There may be some validity to this conjecture, although I believe that there are wider market forces driving the adoption of this procurement methodology, which might warrant further discussion on another occasion. What I have found perplexing in the content I have read is that there has been a careful analysis of the differences in the structure of the respective contracting arrangements in terms of risk allocation, but nothing at all has been said about behaviours. Construction management and lump sum design & build contracting arrangements are being presented as mere procurement options available between an employer and a general contractor – with the only difference being the apportionment of risk. Similarly the management fee and the margin to be earned by a design & construct contractor are portrayed as being inter-changeable terms.

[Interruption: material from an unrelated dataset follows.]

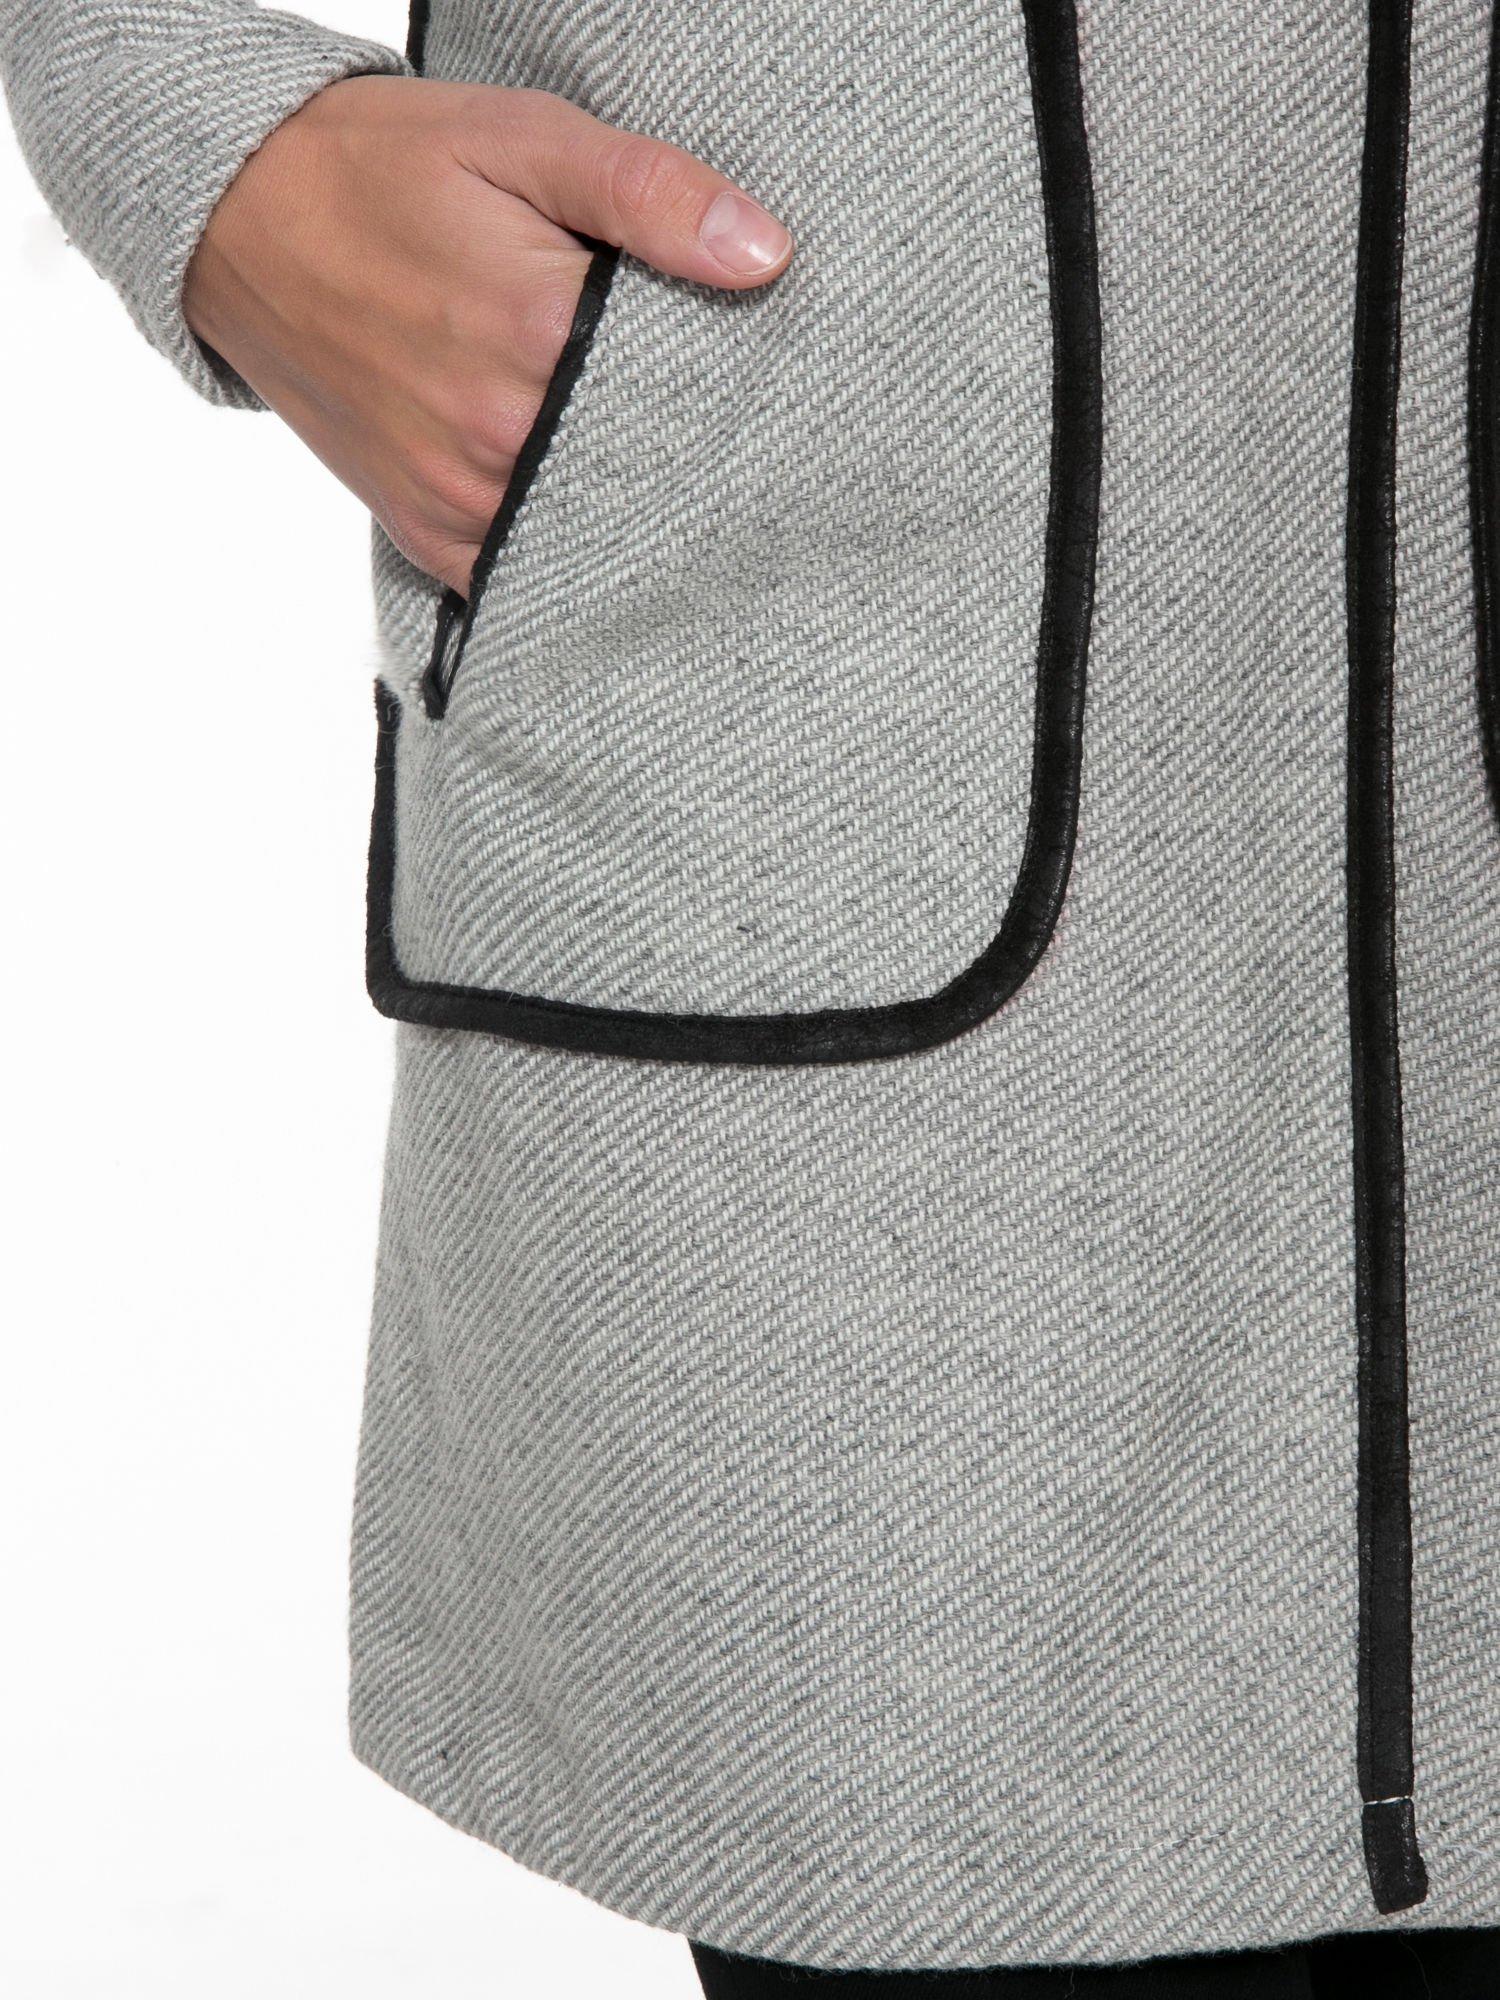 Jasnoszary wełniany długi żakiet o pudełkowym kroju ze skórzaną lamówką                                  zdj.                                  6

This overly simplistic depiction of these two discreet procurement philosophies is at best misleading and in my view wrong.
The processes to be undertaken in bringing a project to fruition, from site acquisition to occupation and operation are the same irrespective of whether the construction delivery method selected should be construction management or some form of lump sum contracting arrangement; the differences lie in the timing of when certain activities may be undertaken and the ultimate responsibility in terms of time and money for their delivery. Arguably the total project cost ought to be the same irrespective of the procurement methodology adopted.
The key difference is that the Construction Manager is a consultant, a member of the Employer’s professional team whose performance is measured in the competence with which it carries out the services it is required to carry out under the construction management agreement; a Contractor is engaged to deliver the scope of the contract works by the Date for Completion for the Contract Sum, with its performance being measured by the Client against these obligations and by its shareholders in terms of margin achieved. The behaviours required to carry out these different roles are not the same.
The construction market used to be clearly subdivided with organizations that would undertake management contracting work and general contractors; what was termed ‘fee’ contracting and ‘hard money’ contracting at the time. These distinctions are no-longer prevalent with all contracting businesses purporting to carry out both styles of contracting work.
The successful delivery of any project will be dependent upon the selection of the right participants with the competence to carry out their appointed roles as defined in the particular contract. Simply expecting a better, cheaper outcome by adopting a different style of contracting and expecting the behaviours to follow will not work. The old adage holds true: ‘if it walks like a duck, swims like a duck and quacks like a duck; it is probably a duck!’